**RECORDED DATA:**
◇ ◇ ◇ ◇ ◇ ◇ ◇

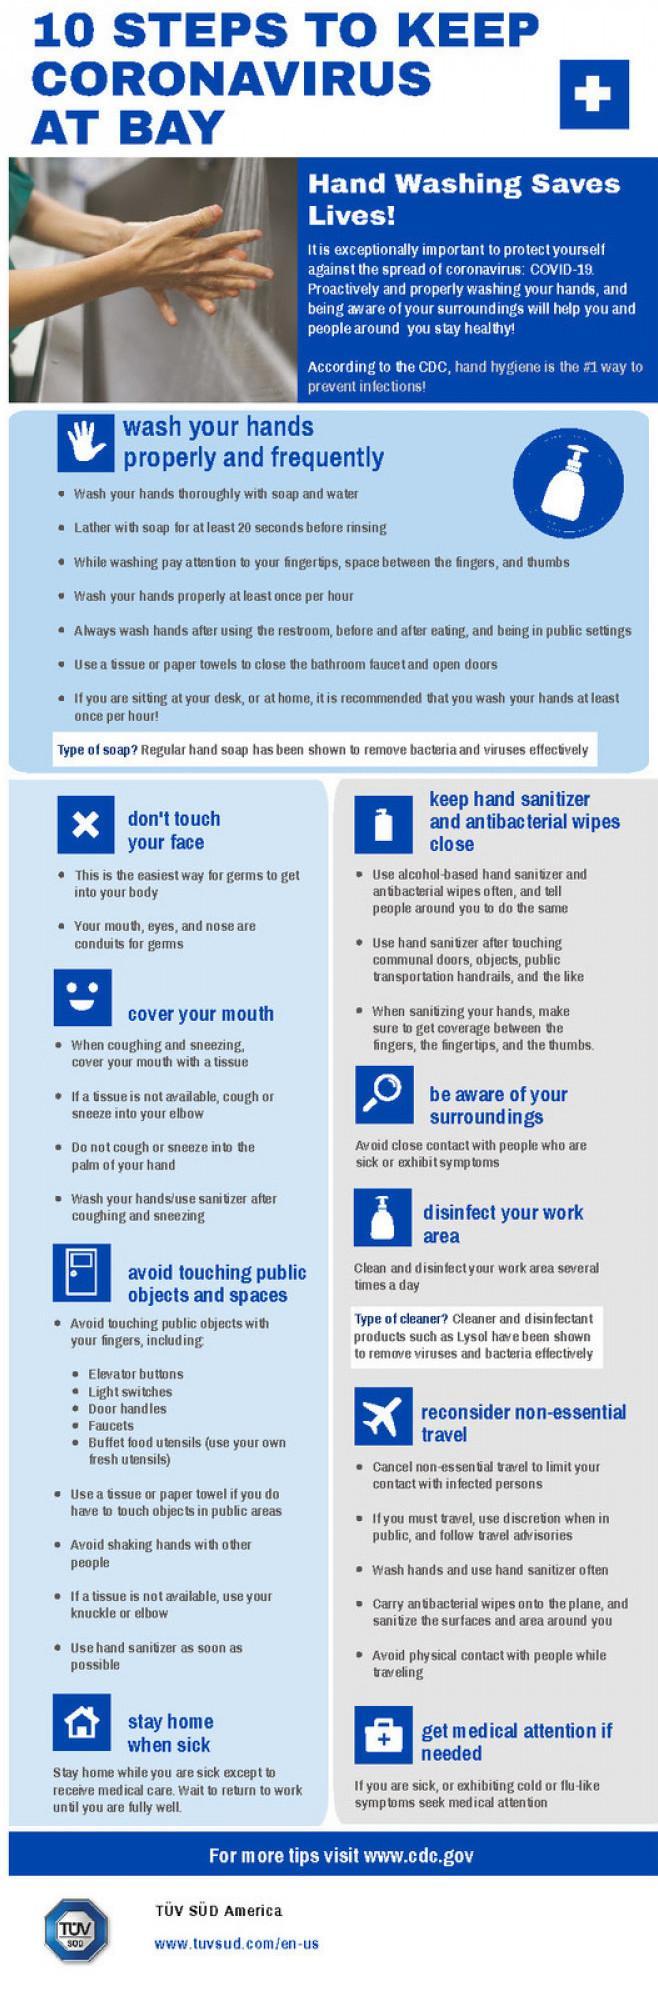 10 Ways to Keep Coronavirus at Bay
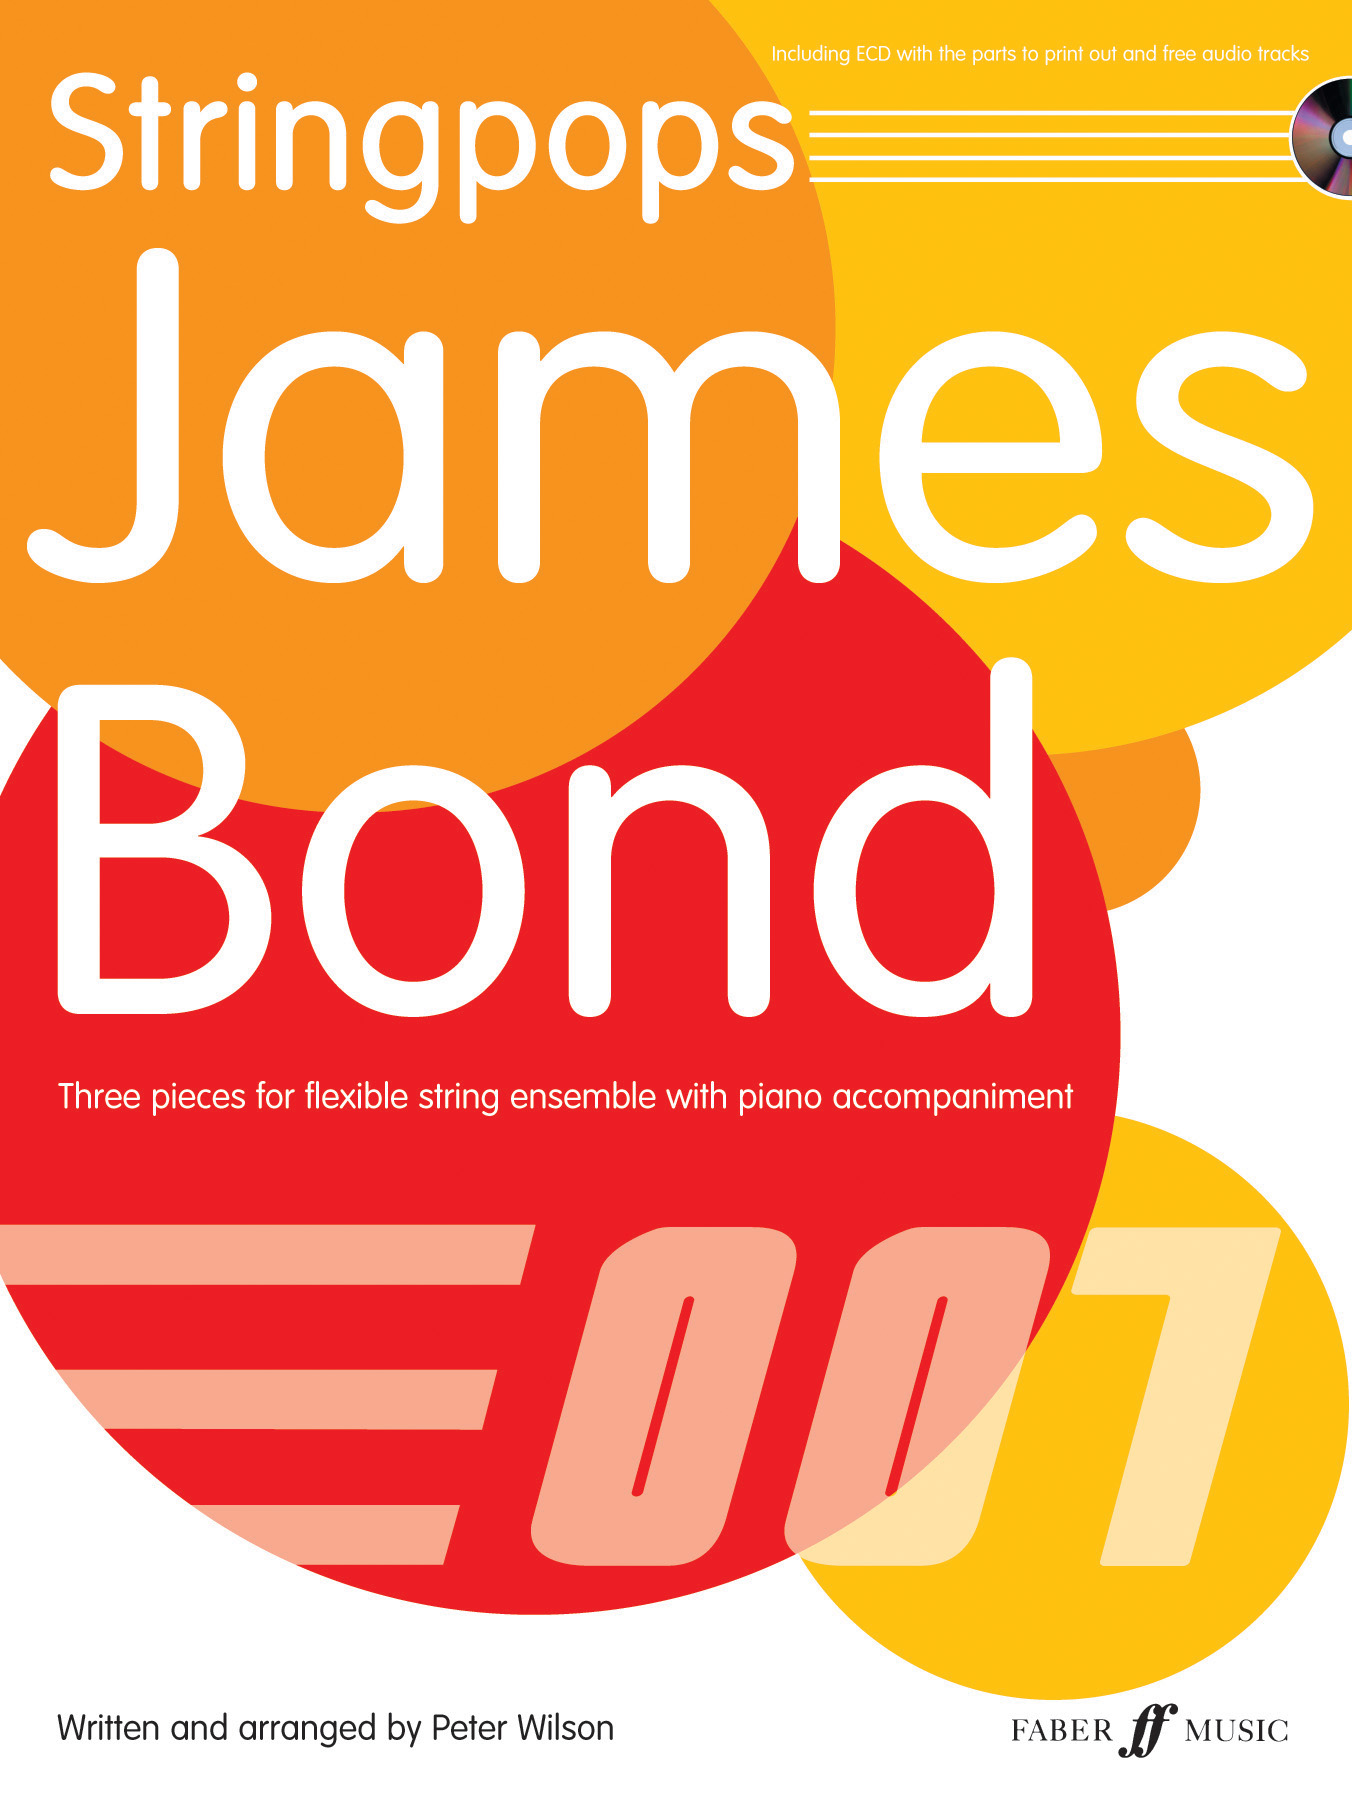 P. Wilson: Stringpops James Bond Stringense: String Orchestra: Score and Parts
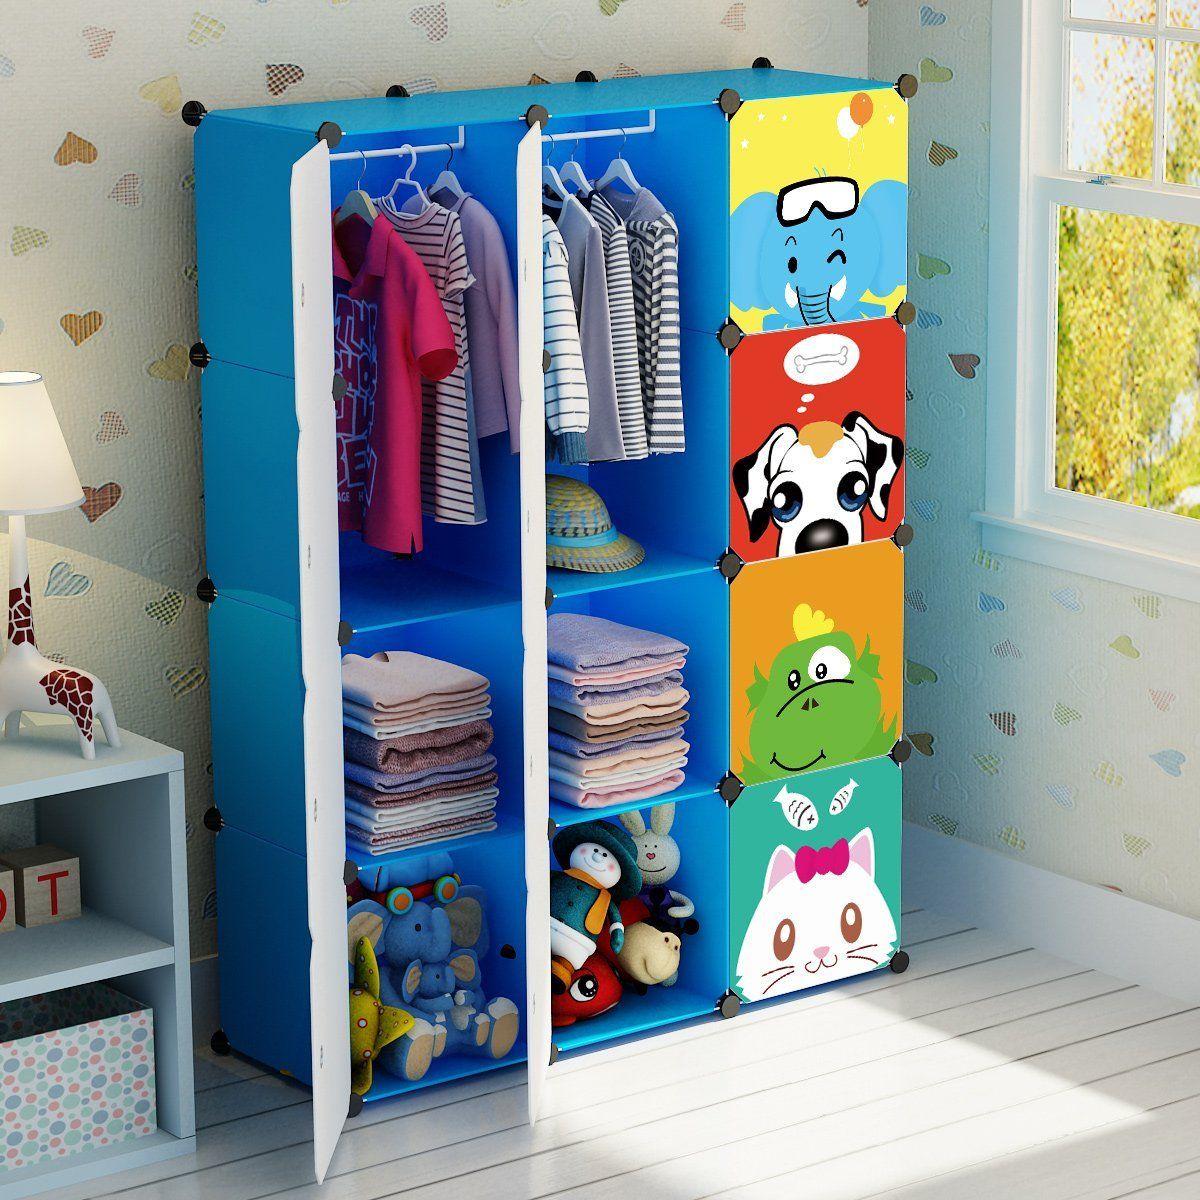 Kousi Portable Clothes Closet Wardrobe Freestanding Cute Cartoon Storage Organizer With Armarios Para Ninos Diseno De Cama Para Ninos Mueble Para Guardar Ropa
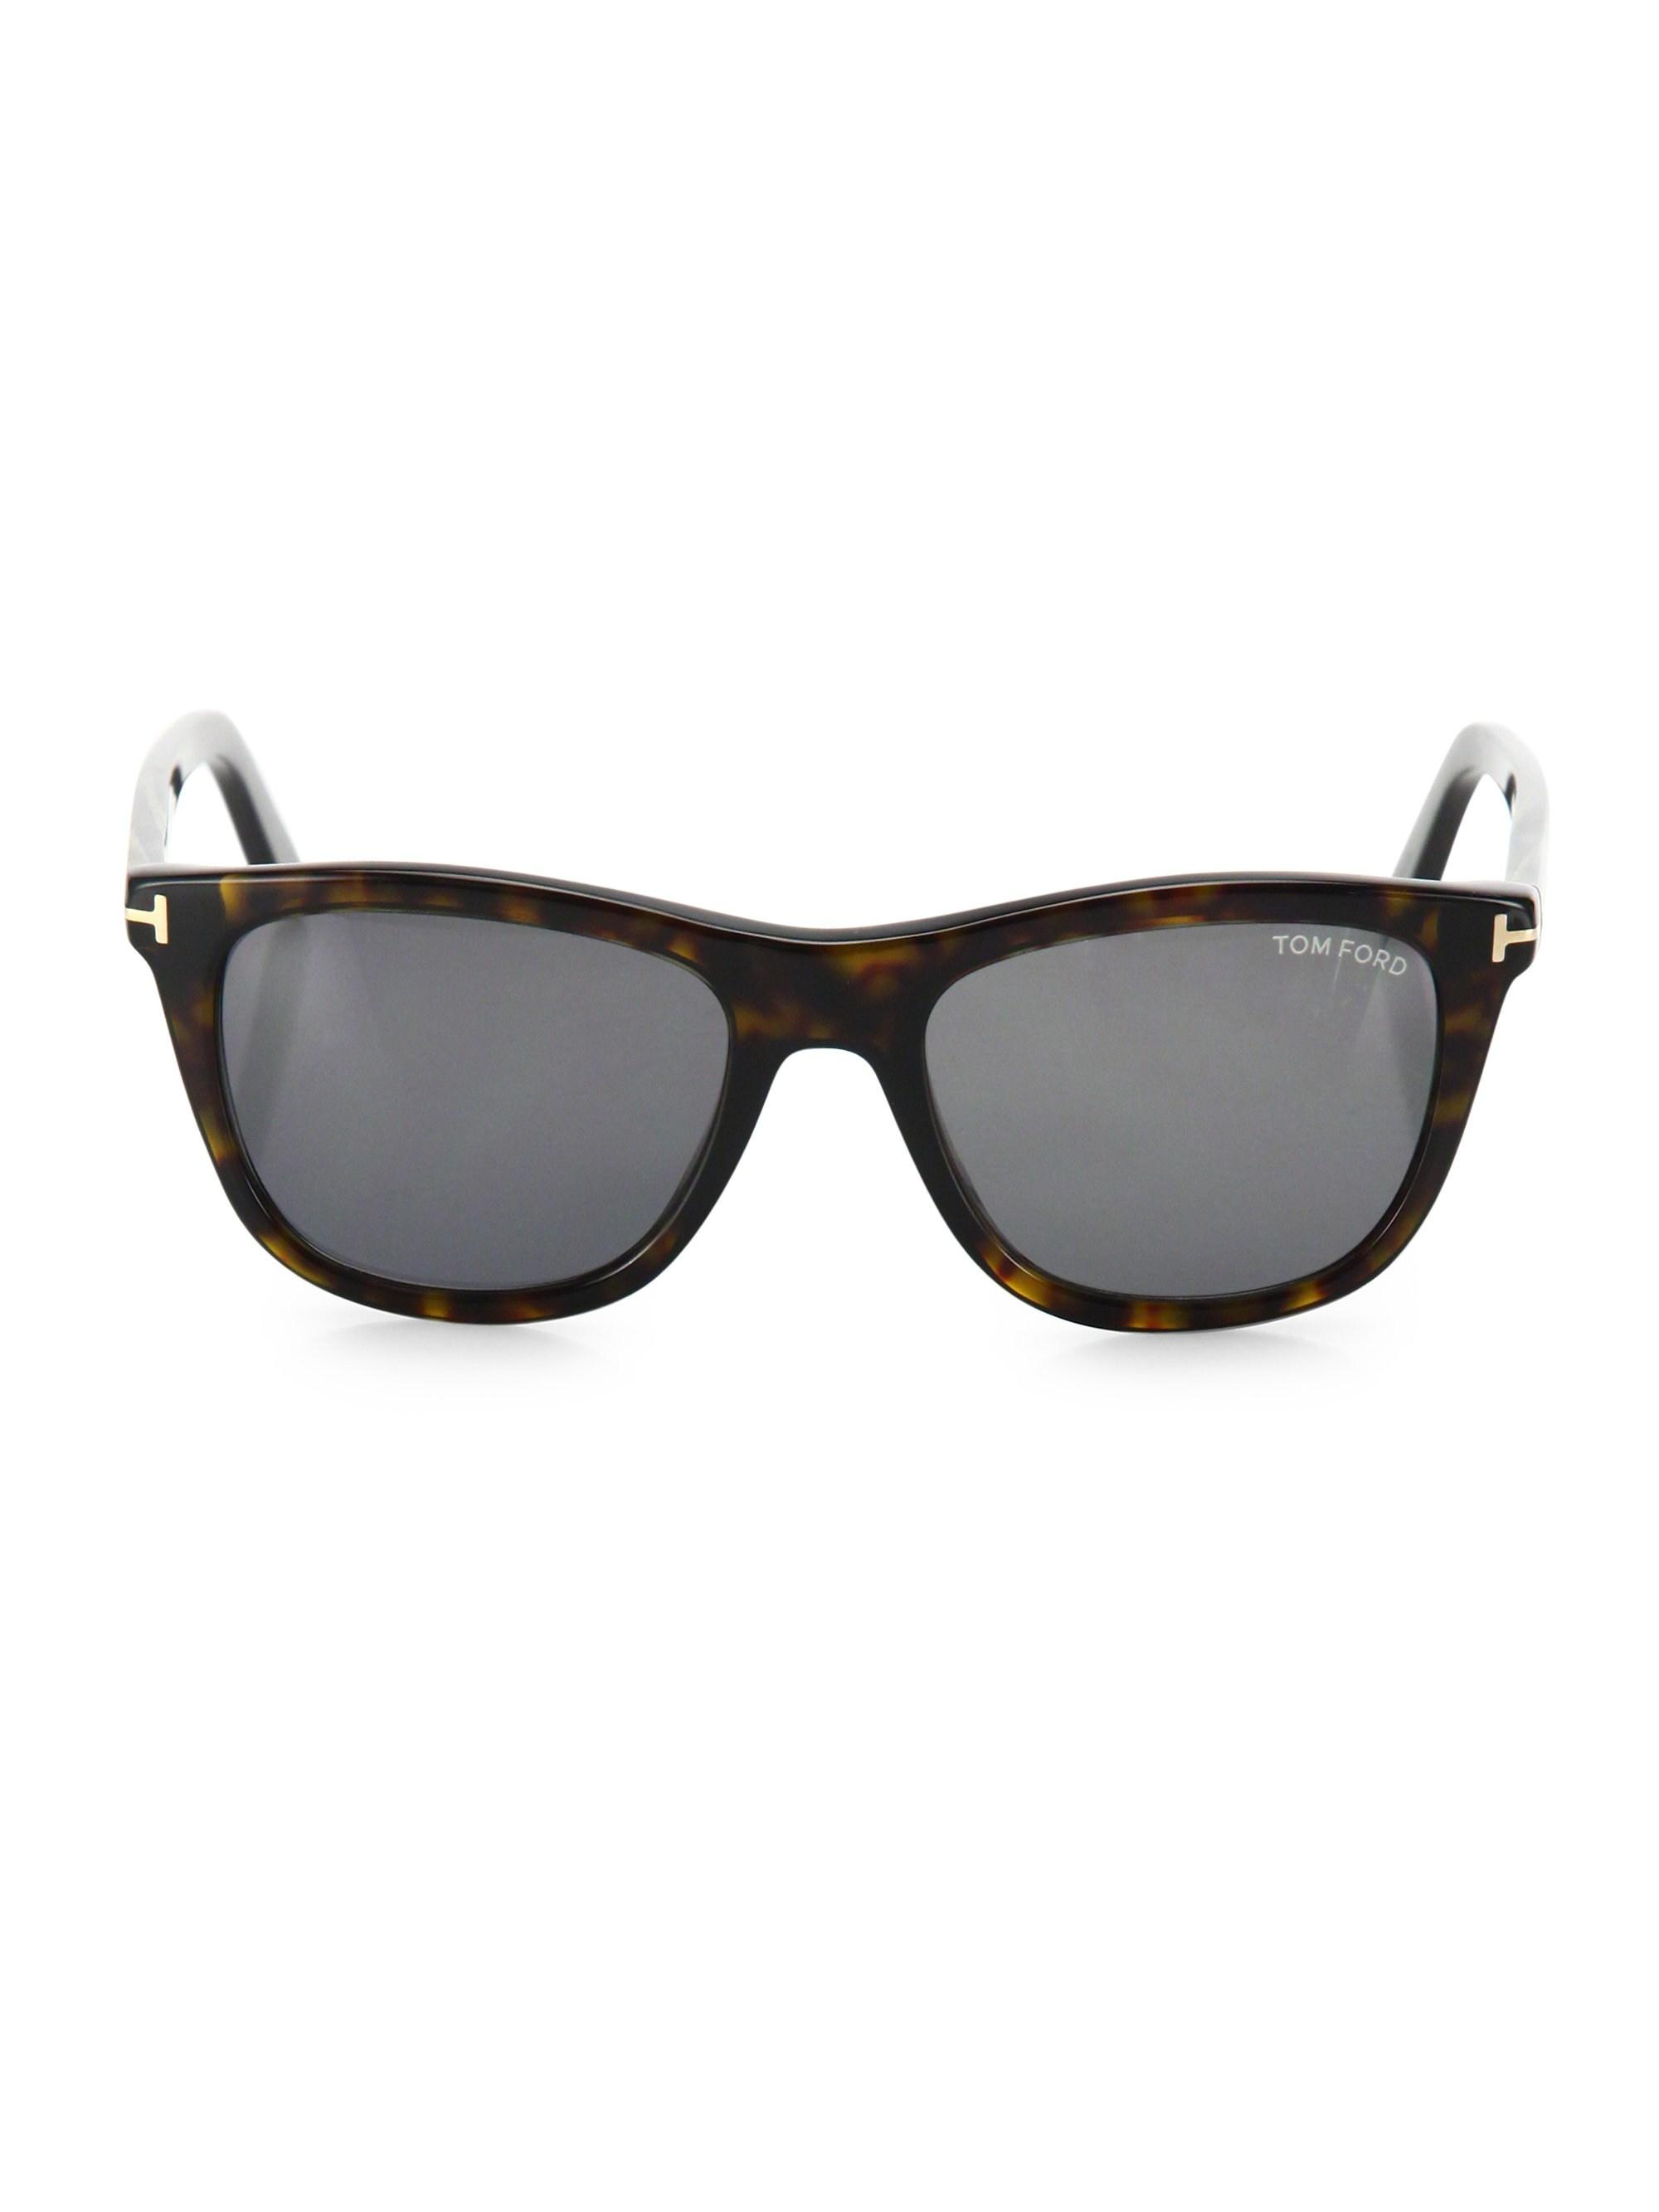 9dddd1632cea3 Tom Ford - Black Andrew 54mm Square Sunglasses for Men - Lyst. View  fullscreen

◇ ◇ ◇ ◇ ◇ ◇ ◇

**ABOUT THIS EXERCISE:** Output the listing exactly. Leave out any image.

**SOLUTION TO THIS EXERCISE:**
 10 Ways to Keep Coronavirus at Bay
 P. Wilson: Stringpops James Bond Stringense: String Orchestra: Score and Parts
 Kousi Portable Clothes Closet Wardrobe Freestanding Cute Cartoon Storage Organizer With Armarios Para Ninos Diseno De Cama Para Ninos Mueble Para Guardar Ropa
 9dddd1632cea3 Tom Ford - Black Andrew 54mm Square Sunglasses for Men - Lyst. View  fullscreen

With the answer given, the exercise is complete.